Navigating Plate Reviews

The Princess of Hills and Altaf’s Cafe

Hills are the perfect place to relax and unwind. The landscape, the weather, the adrenaline pump, everything just sets in. But what about the food? Majority of the touristy hill stations in India, apart from the seven sister states, have very few good restaurants or outlets they can boast of. One must make to do with the multiple Maggi options available, bread omelette for a heavy meal and of course a strong cup for ginger tea.

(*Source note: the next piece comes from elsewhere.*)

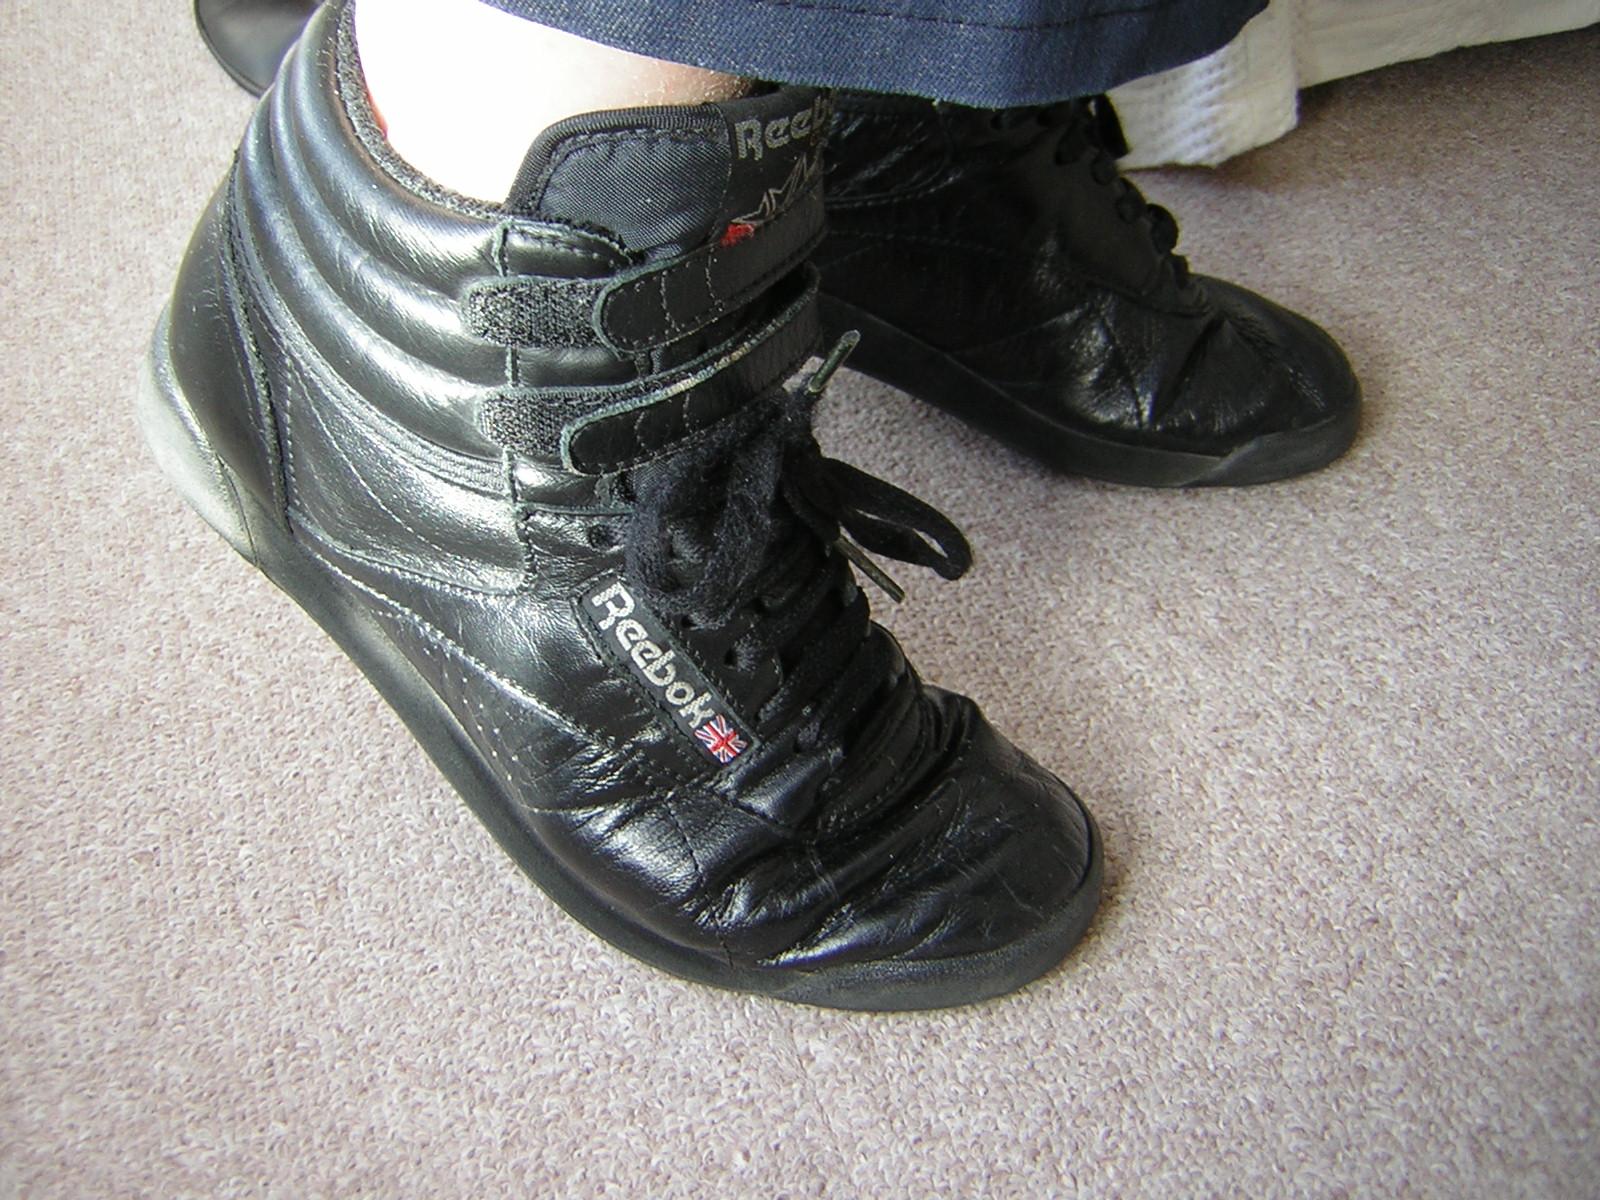 Reebok High Top Basketball Shoes

Kodaikanal, rightly called the princess of hills, is all kinds of beautiful. Kodai is in Tamil Nadu and the population there speak Tamizh. Even though we find a lot of restaurants and cafes packed with people, hardly any of them serve food that we would return for. Near the lake, there is a mother-son duo who serve hot Milaku Bhajjis (long green chillies coated with a batter of gram flour and deep-fried), chai (tea) and bread omelette. This is the best you can get within the town. Ooty, Panchgani, and other similar hill stations are no different!

During one of my trips to Kodai with my ex-colleagues at Uber Eats, I was frustrated and took to Instagram for help! From the responses I received, Altaf Cafe saw itself being repeated quite a few times. Altaf Cafe is at Vattakanal, you will have to cover your journey by foot after a point and that makes the experience all the more interesting. A steep walk down towards this quaint and rustic place that sports a serene view of the hills behind, adds to the charm. It was pre-COVID time and the place was packed. We waited for a while to be seated at two extreme ends of the cafe.

Altaf’s Cafe offers a pseudo continental cuisine rather than catering to local dishes, this could probably be to attract the foreign tourists of the area. We placed our order with a service staff who was so light on his feet that it gave me an idea of him being a dancer. Our first choice was to get ourselves a cup of coffee and hot chocolate. The weather demanded that kind of warmth.

Spaghetti with cheese (I don’t quite remember what we ordered), chicken noodle, and a platter of falafel, hummus and pita were served to us. Someone ordered a portion of fried rice too if my memory serves me right. The food was hot, the flavours were decent, but when compared to the below-average food served elsewhere within Kodai, Altaf’s Cafe can easily be considered a blessing.

The next time you are in Kodai, and if you haven’t visited Altaf’s yet, do add it to your list to help you cope with hunger. Food with a view, guaranteed. But, that is the max I can vouch for as a food blogger. With that said, I can’t wait to visit Kodai again.